Your goal -
Repeat the listing below exactly. Pictures do not belong in the copy.

Given data -

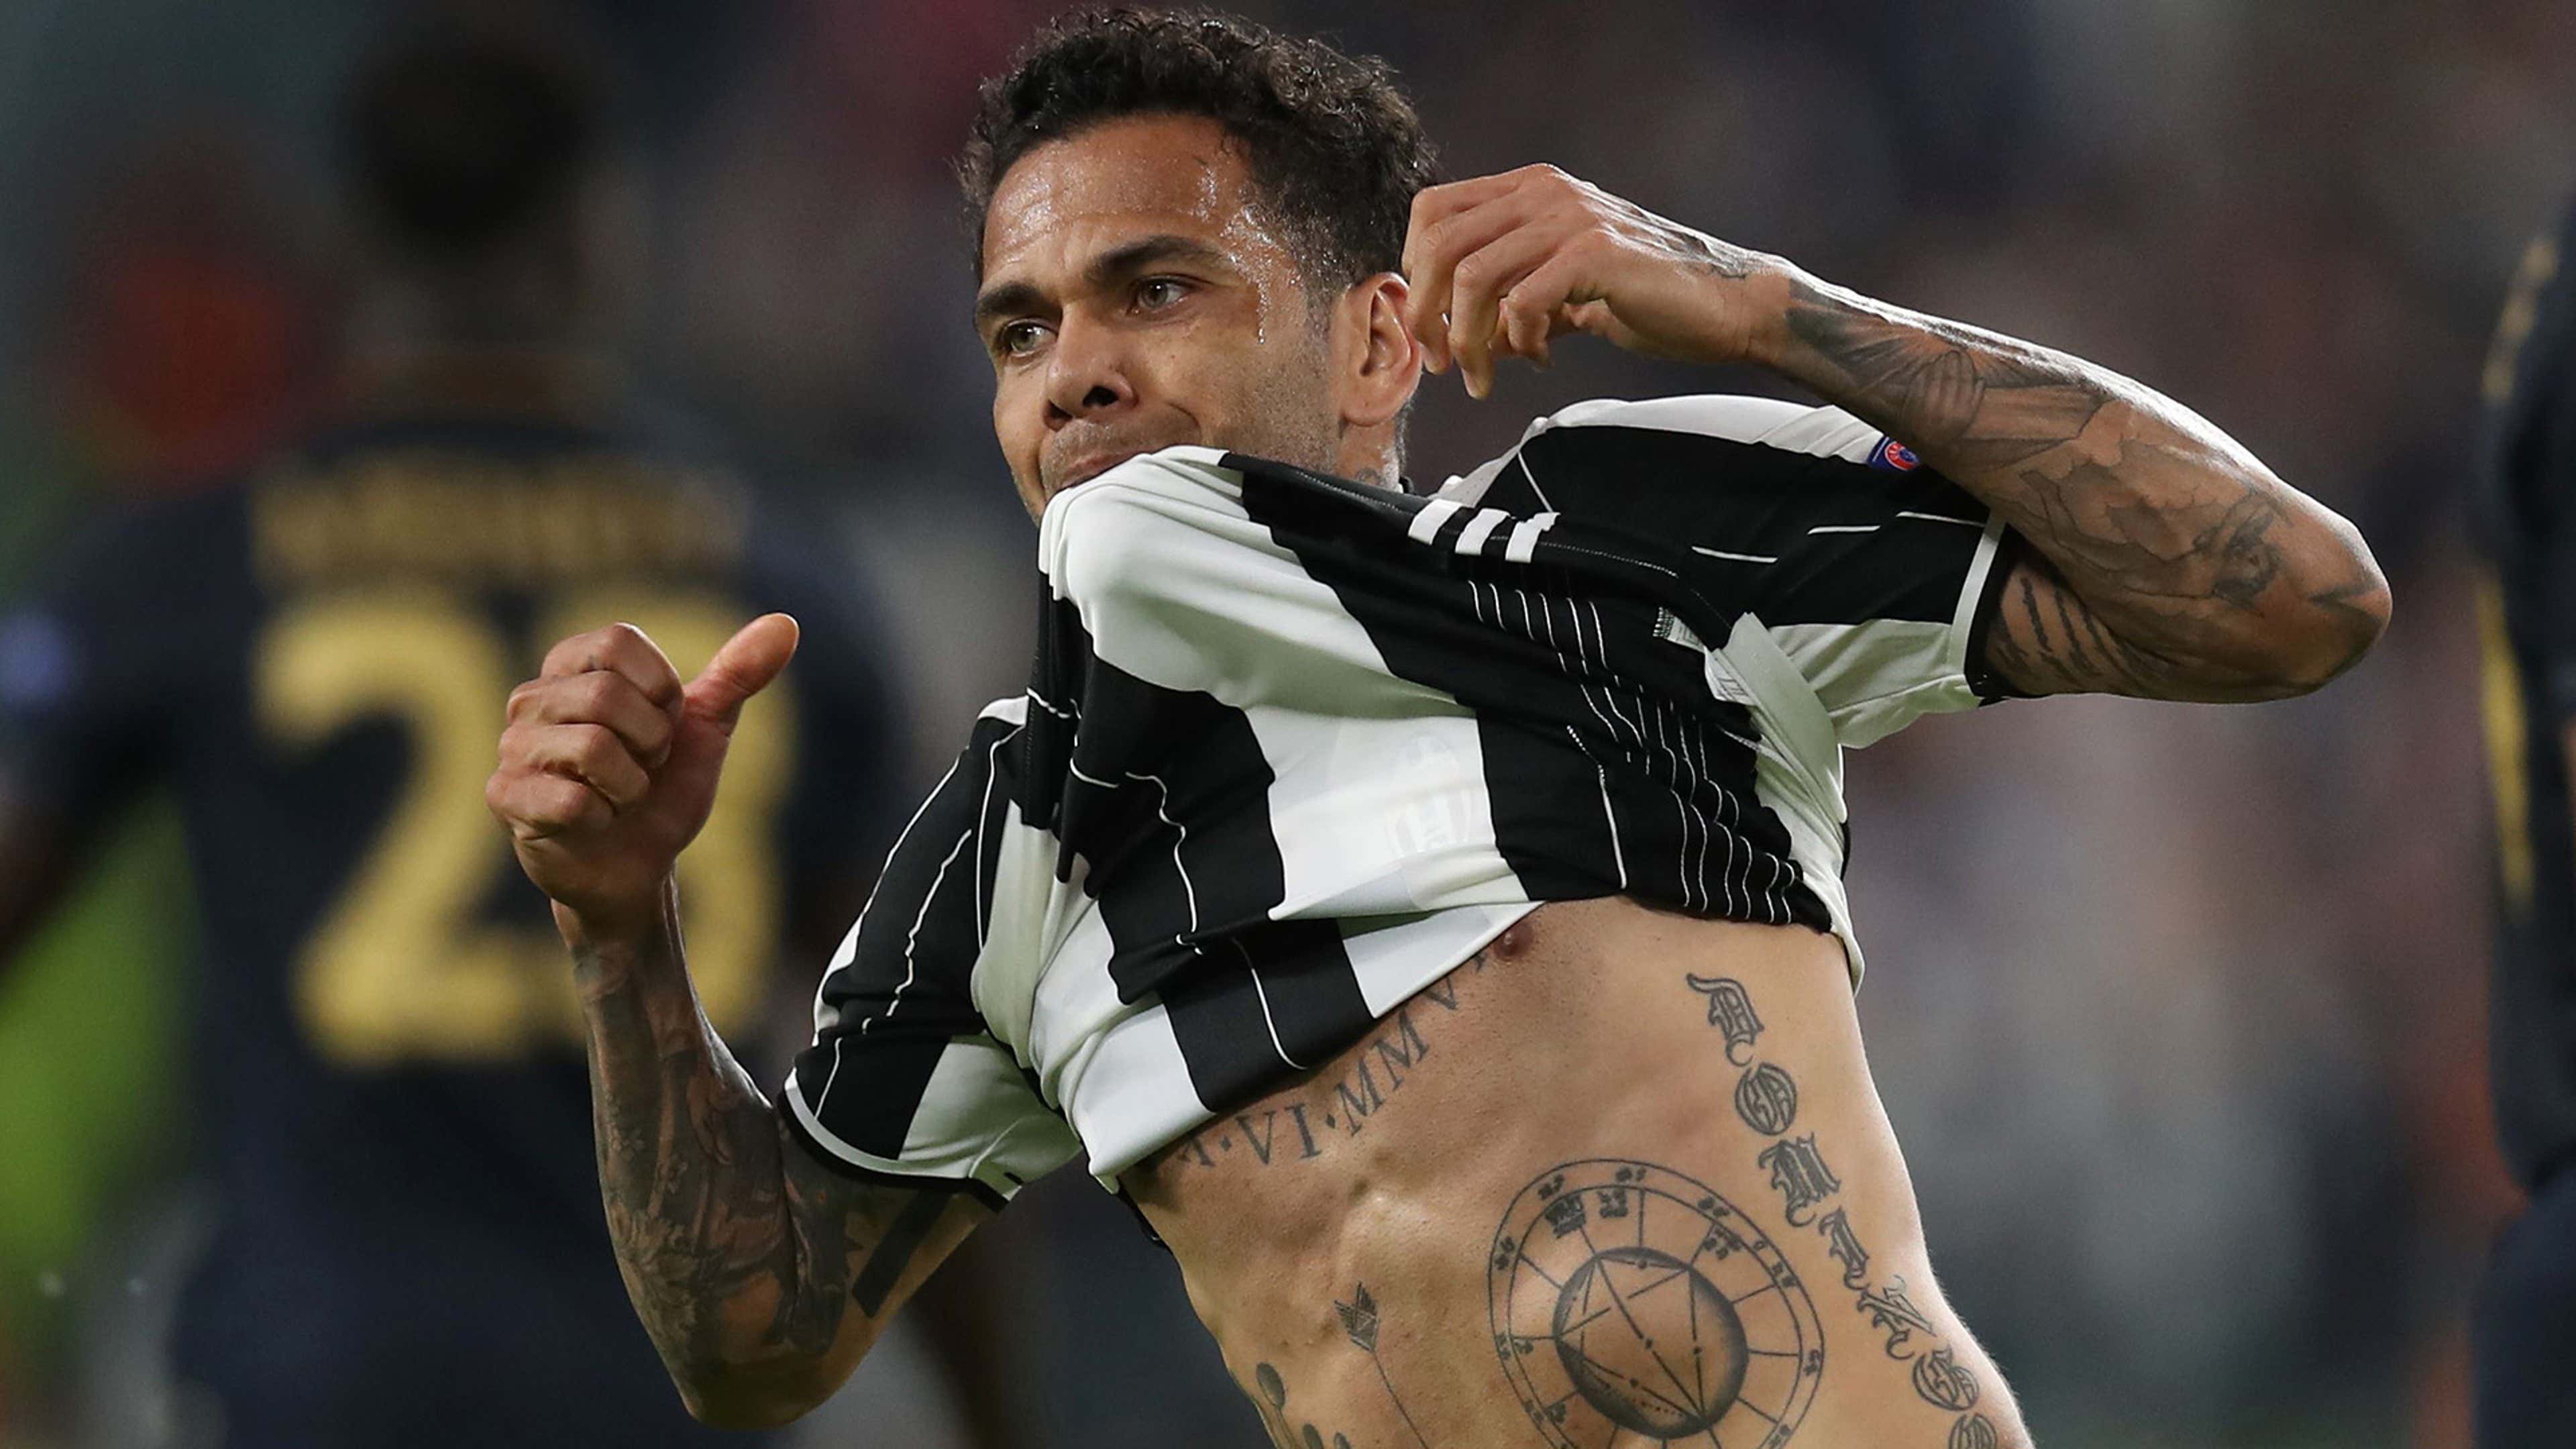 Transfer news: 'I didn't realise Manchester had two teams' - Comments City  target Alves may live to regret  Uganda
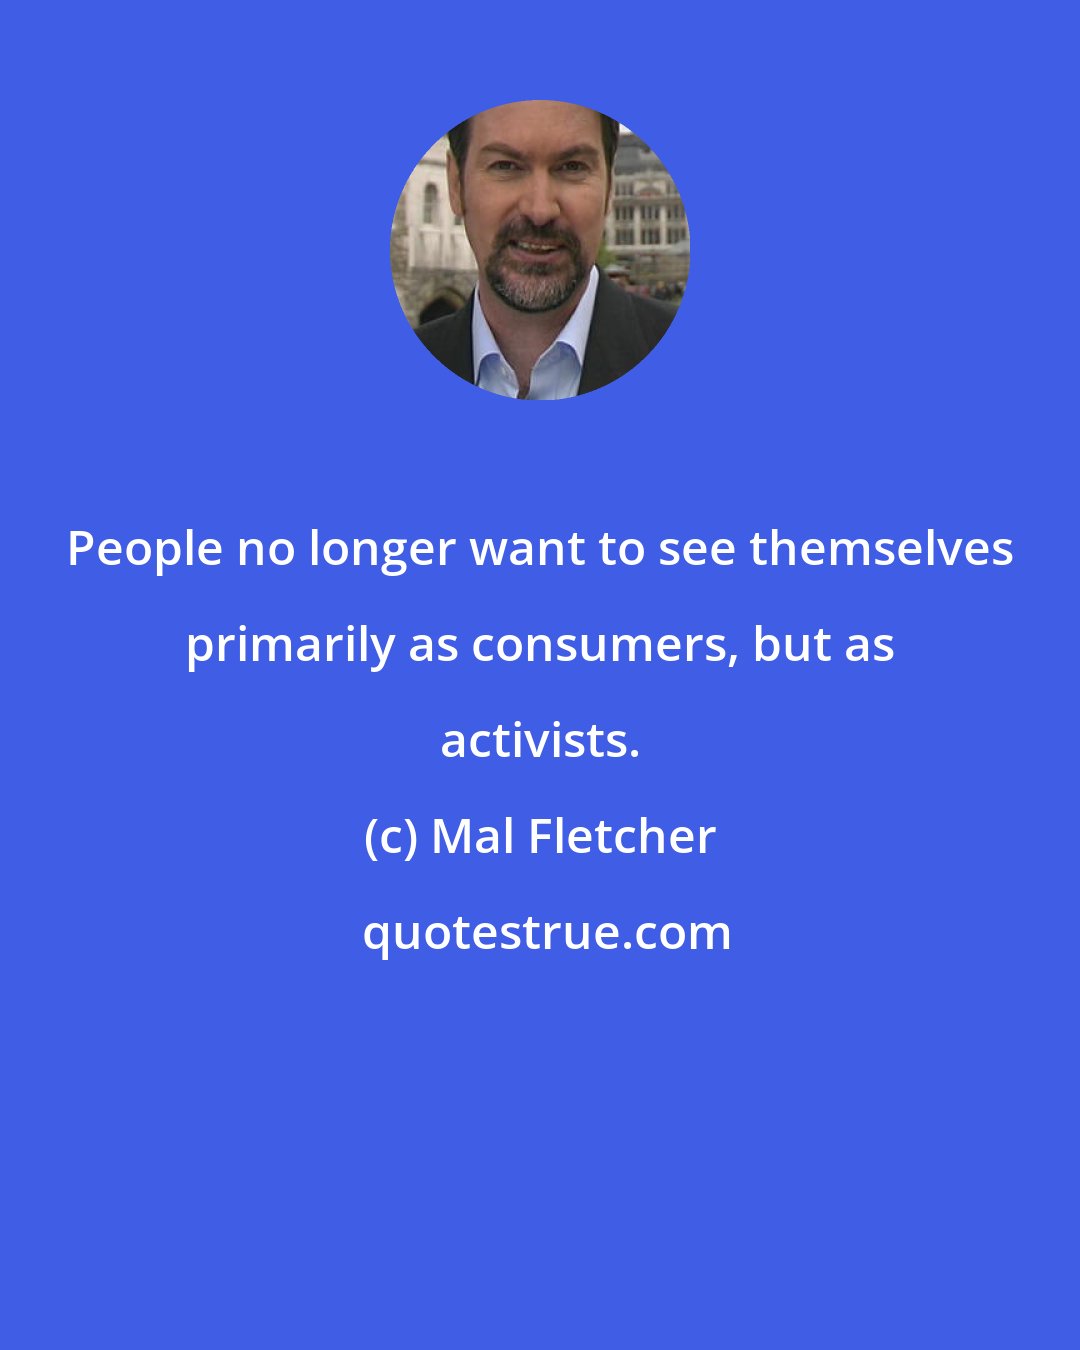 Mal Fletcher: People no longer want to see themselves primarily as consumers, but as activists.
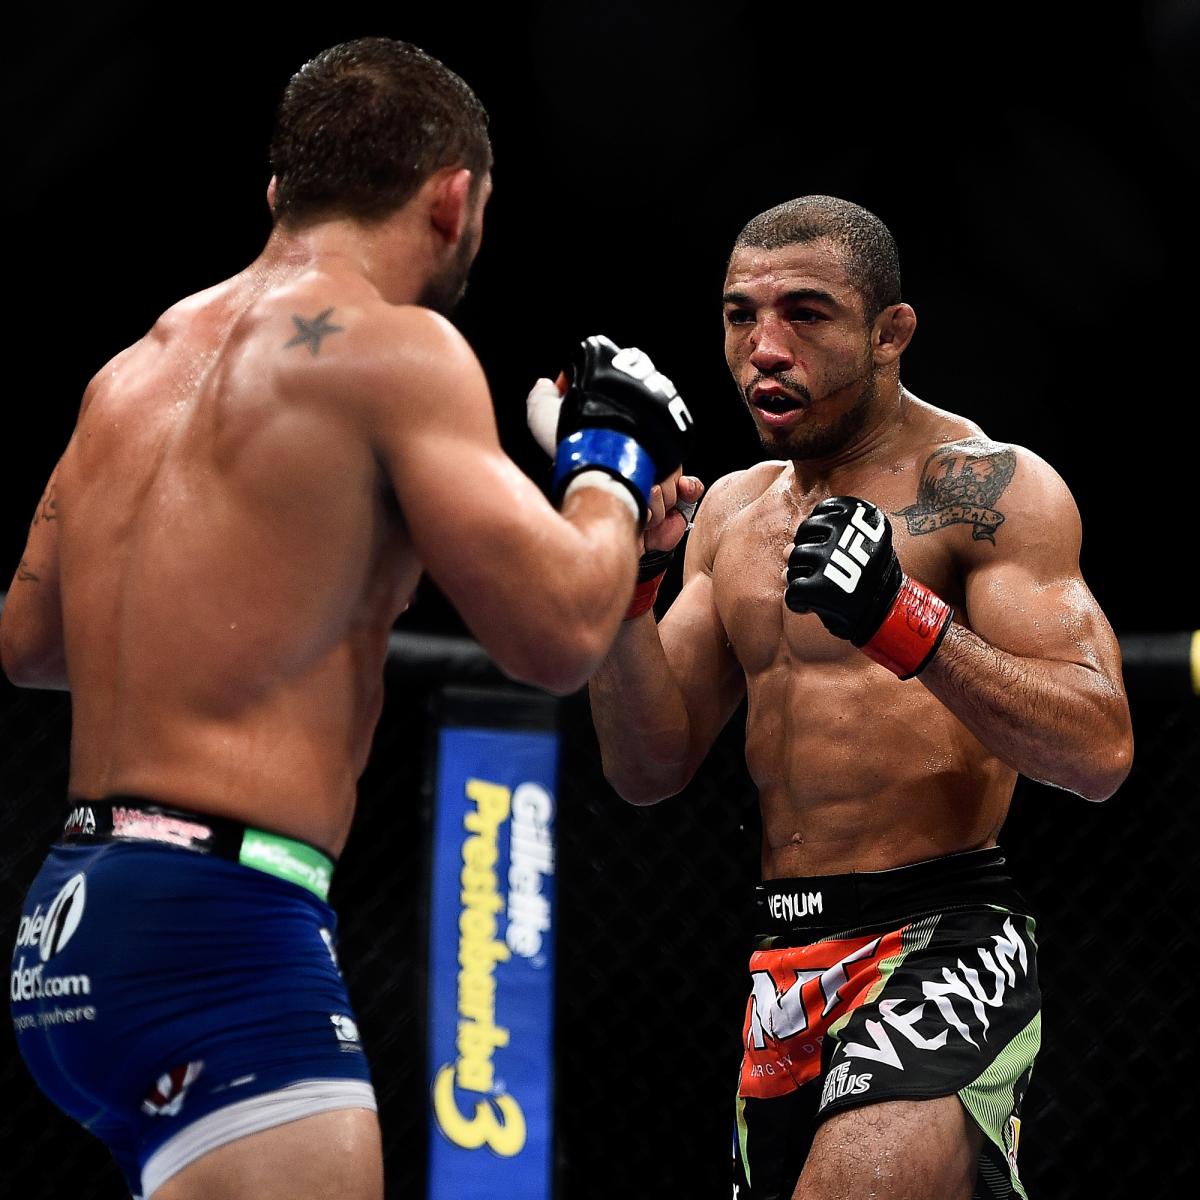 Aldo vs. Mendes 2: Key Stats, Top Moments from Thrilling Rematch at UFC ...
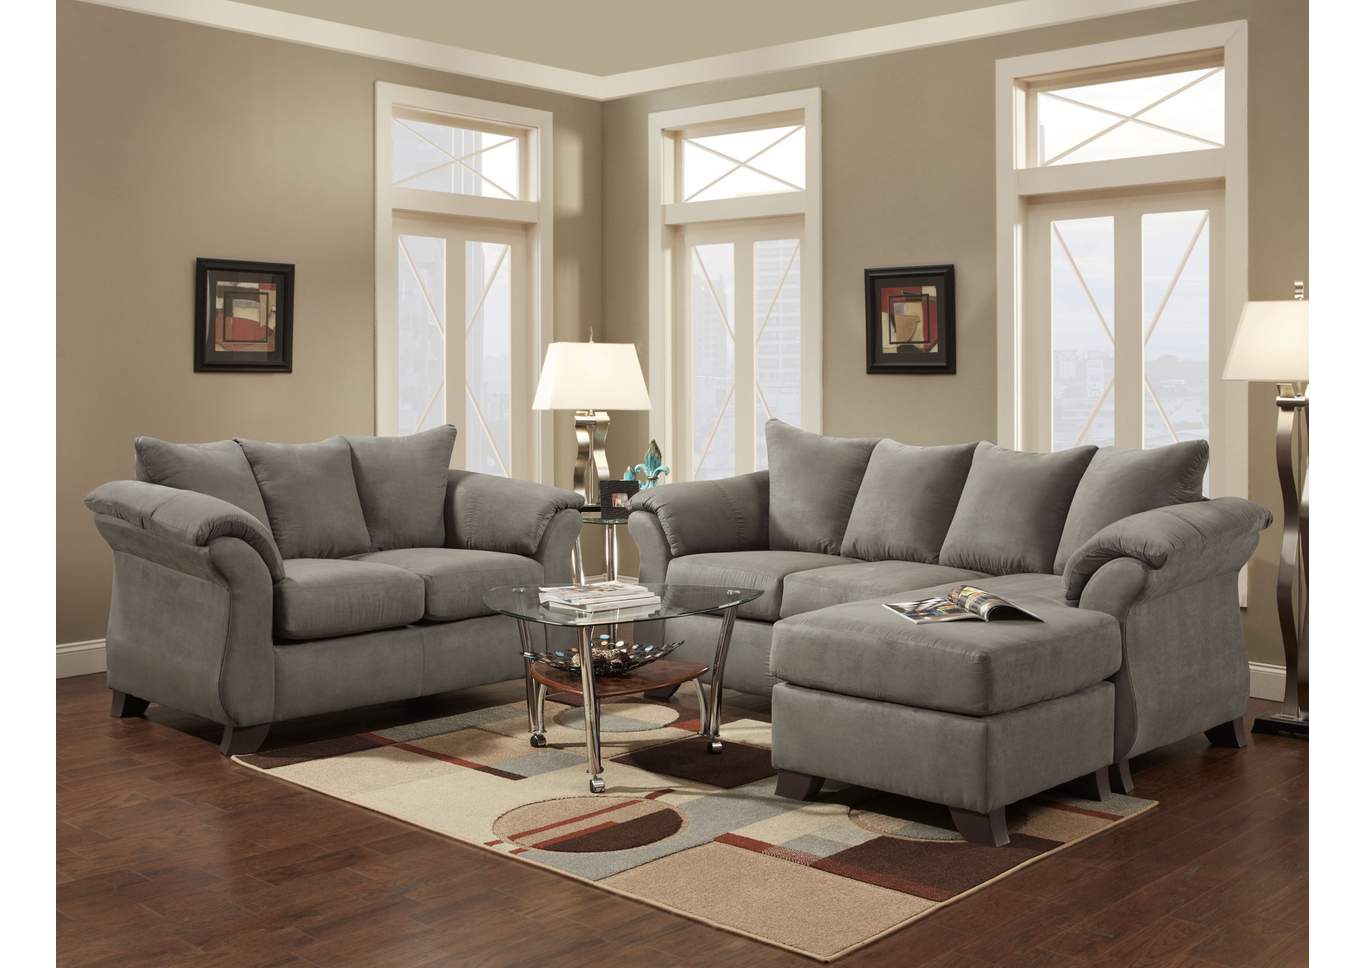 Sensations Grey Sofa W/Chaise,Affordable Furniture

Exercise answer -
 Transfer news: 'I didn't realise Manchester had two teams' - Comments City  target Alves may live to regret  Uganda
 Mal Fletcher: People no longer want to see themselves primarily as consumers, but as activists.
 Aldo vs. Mendes 2: Key Stats, Top Moments from Thrilling Rematch at UFC ...
 Sensations Grey Sofa W/Chaise,Affordable Furniture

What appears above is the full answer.